Hey folks,
I'm trying to visualize the run times of backup processes within our Exchange environment. I monitor for the CommVault backup process via Nagios, so I have data at approximately 5 minute intervals on whether the backup process is running or not.
Standard disclaimer - I'm not real great with searches and stats, so please speak up if there's a better way to do this. I'm positive there is. 🙂
My current search is:
index=nagios host_name="dc2-p-xmail-0*" service_name="commvault backup process" performance_type=SERVICEPERFDATA
| eval backups_running=case(service_status=="OK", 0, 1==1, 1)
| transaction startswith=eval(service_status=="CRITICAL") endswith=eval(service_status=="OK") by host_name
That gives me events like:
[SERVICEPERFDATA] 1540988387 dc2-p-xmail-03 commvault backup process 1.570 0.000 CRITICAL: exTiDbBackup.exe: started (critical) 'exTiDbBackup.exe'=1;1;2
[SERVICEPERFDATA] 1540988685 dc2-p-xmail-03 commvault backup process 0.315 0.000 OK: exTiDbBackup.exe: 0 'exTiDbBackup.exe'=0;1;2
[SERVICEPERFDATA] 1540988085 dc2-p-xmail-03 commvault backup process 0.324 0.000 CRITICAL: exTiDbBackup.exe: started (critical) 'exTiDbBackup.exe'=1;1;2
[SERVICEPERFDATA] 1540988986 dc2-p-xmail-03 commvault backup process 0.332 0.000 OK: exTiDbBackup.exe: 0 'exTiDbBackup.exe'=0;1;2
From these transactions, I can create a table that the Timeline visualization can deal with:
index=nagios host_name="dc2-p-xmail-0*" service_name="commvault backup process" performance_type=SERVICEPERFDATA
| eval backups_running=case(service_status=="OK", 0, 1==1, 1)
| transaction startswith=eval(service_status=="CRITICAL") endswith=eval(service_status=="OK") by host_name
| table _time host_name duration
| sort host_name
The resulting Timeline viz looks like:
Yay, look at me go! 🙂 That is literally exactly what I'd like to see - when the backup processes were running on each Exchange host, plotted by time. It makes it much easier for our team's Exchange folks to see when backups were running across all the hosts. However, that viz was done with a "last 7 days" time period. When I zoom into the last 24 hours, the 5 minute polling interval of Nagios makes things ugly:
Sad trombone. I bet I can use streamstats to "smooth in" the events between Nagios polls, but I haven't struck upon a useful method yet. I've been through the streamstats docs a number of times, but I struggle sometimes with written documentation (I learn much better by example), so I don't think I'm "getting it".

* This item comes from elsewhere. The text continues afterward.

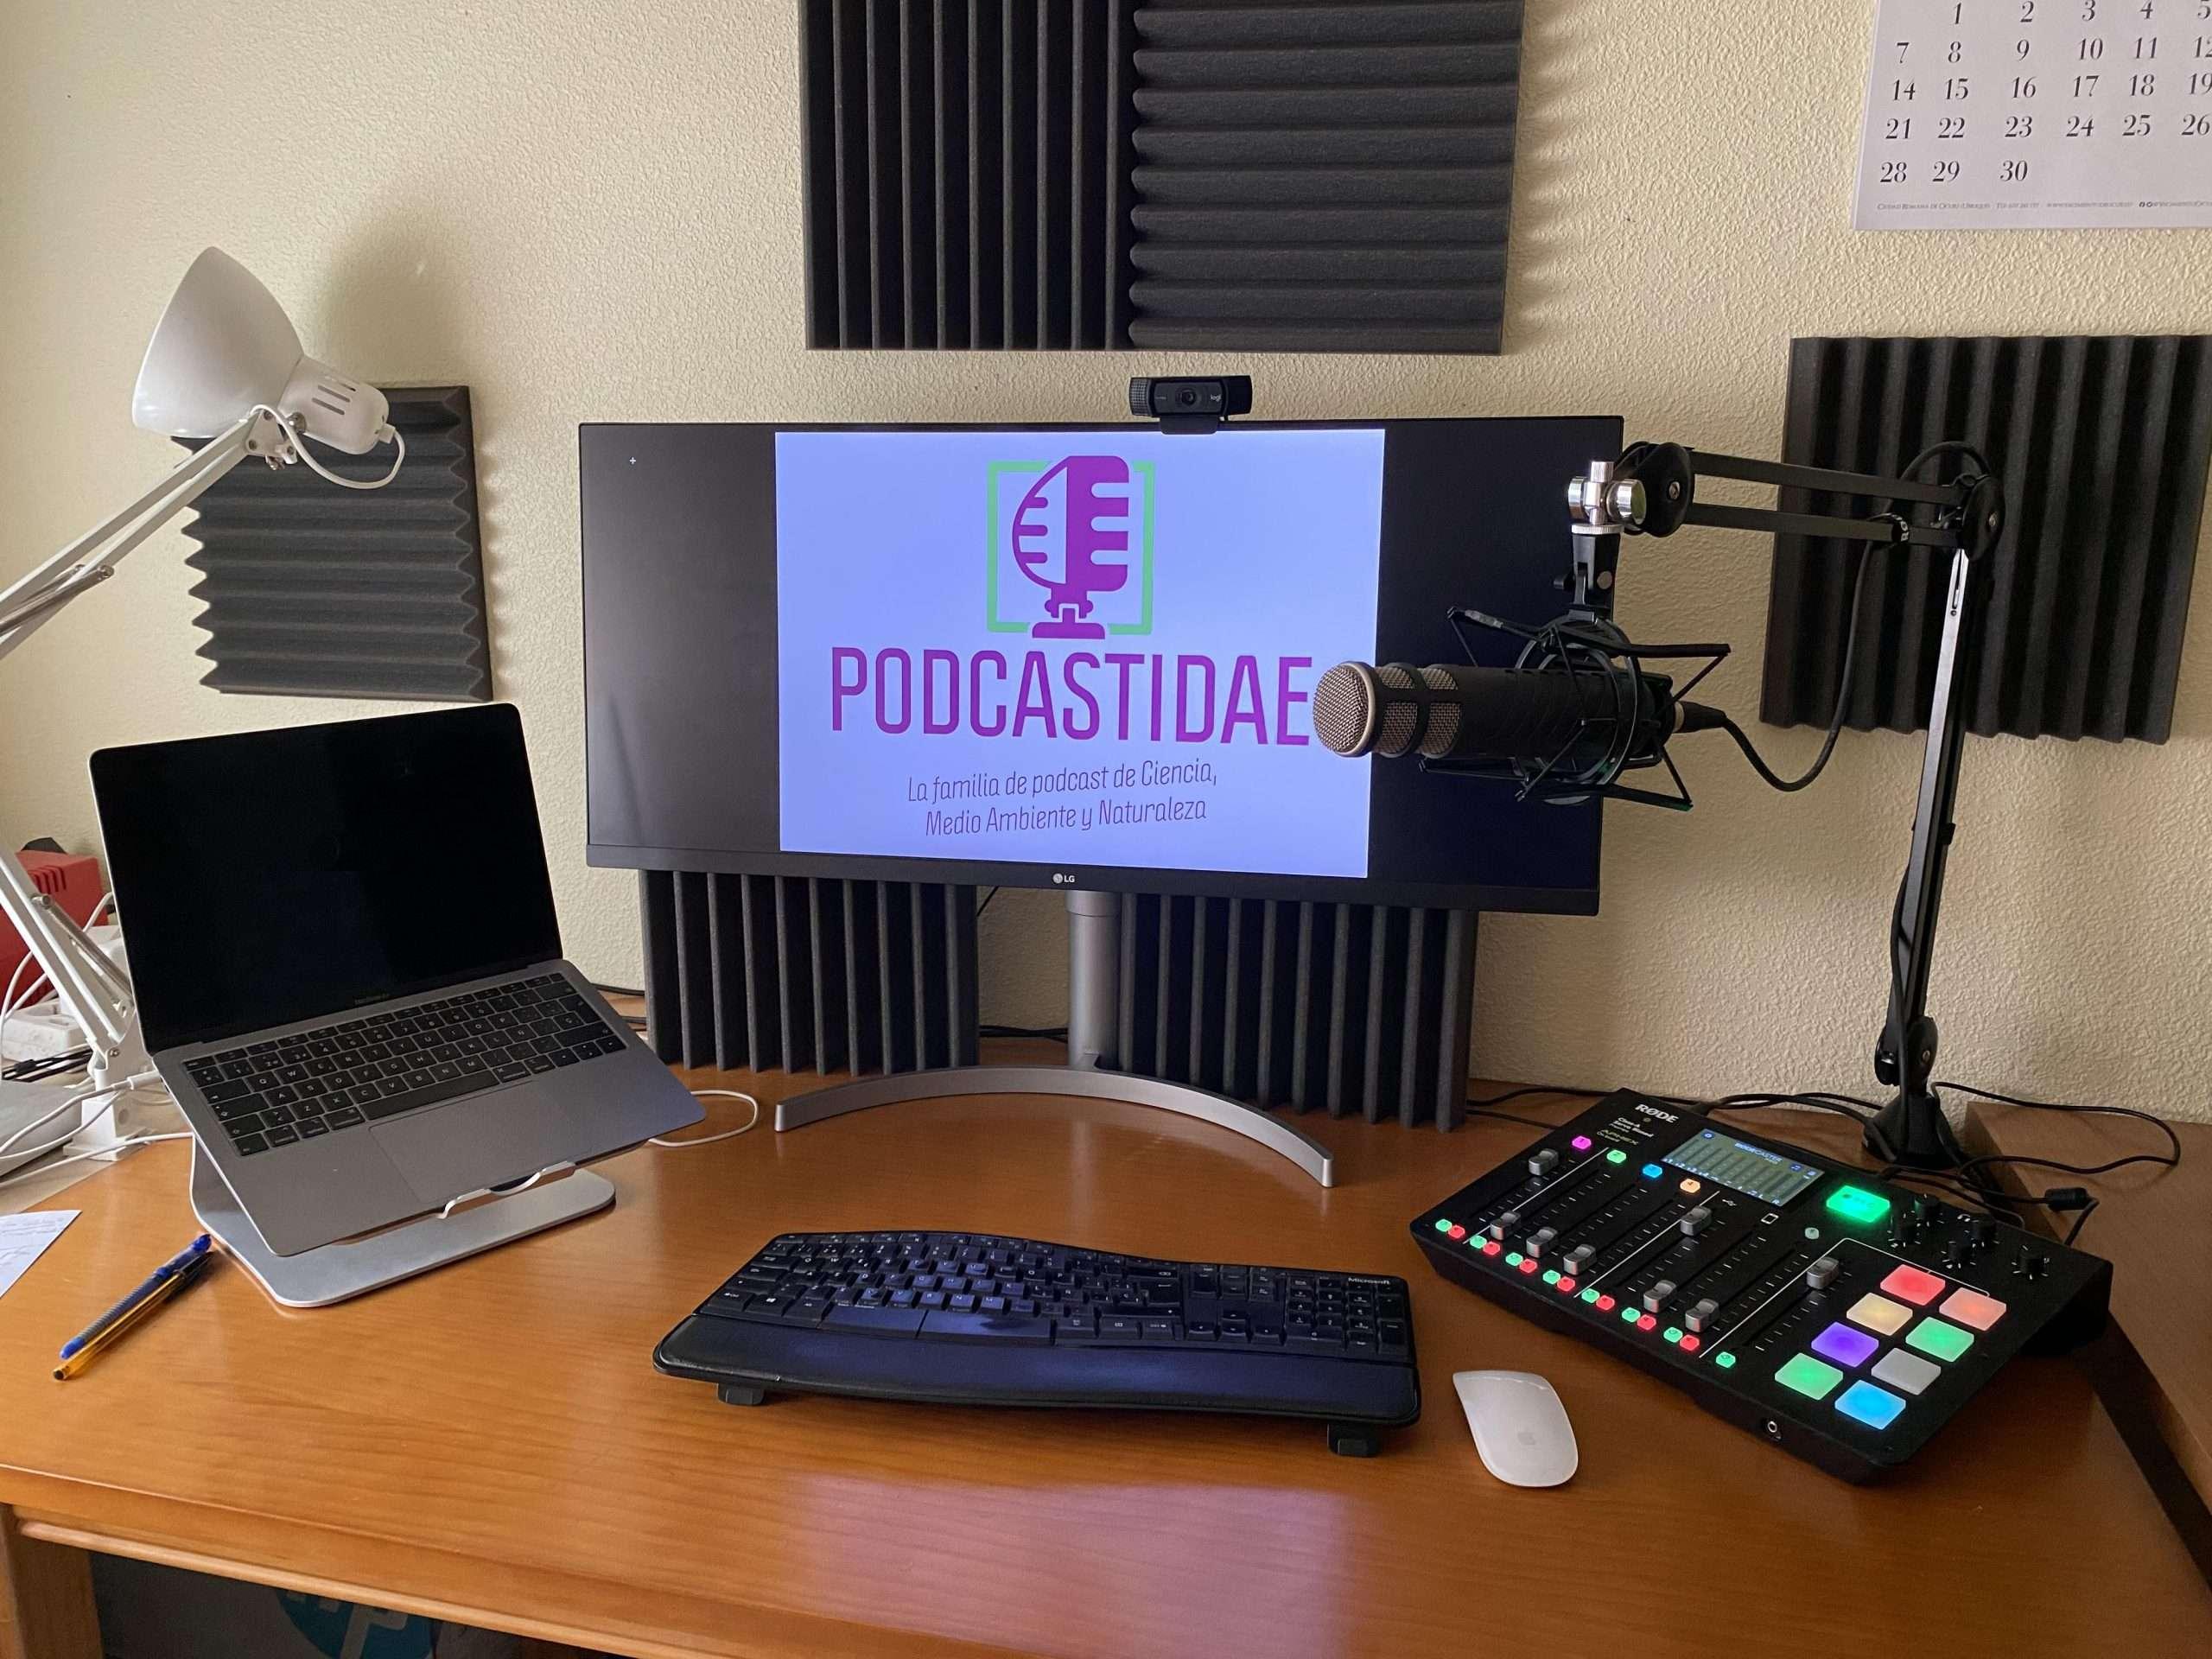 podcastidae

Can someone give me a hand with this? I'm also not really convinced that 'transaction' is a good way to go, but I'm definitely a newbie when it comes to that. All assistance is greatly appreciated.
Thanks folks!
Chris
If the backup process has some ID and you have an option to log it, then you can create the transaction using transaction ProcessID startswith....
This will solve your problem.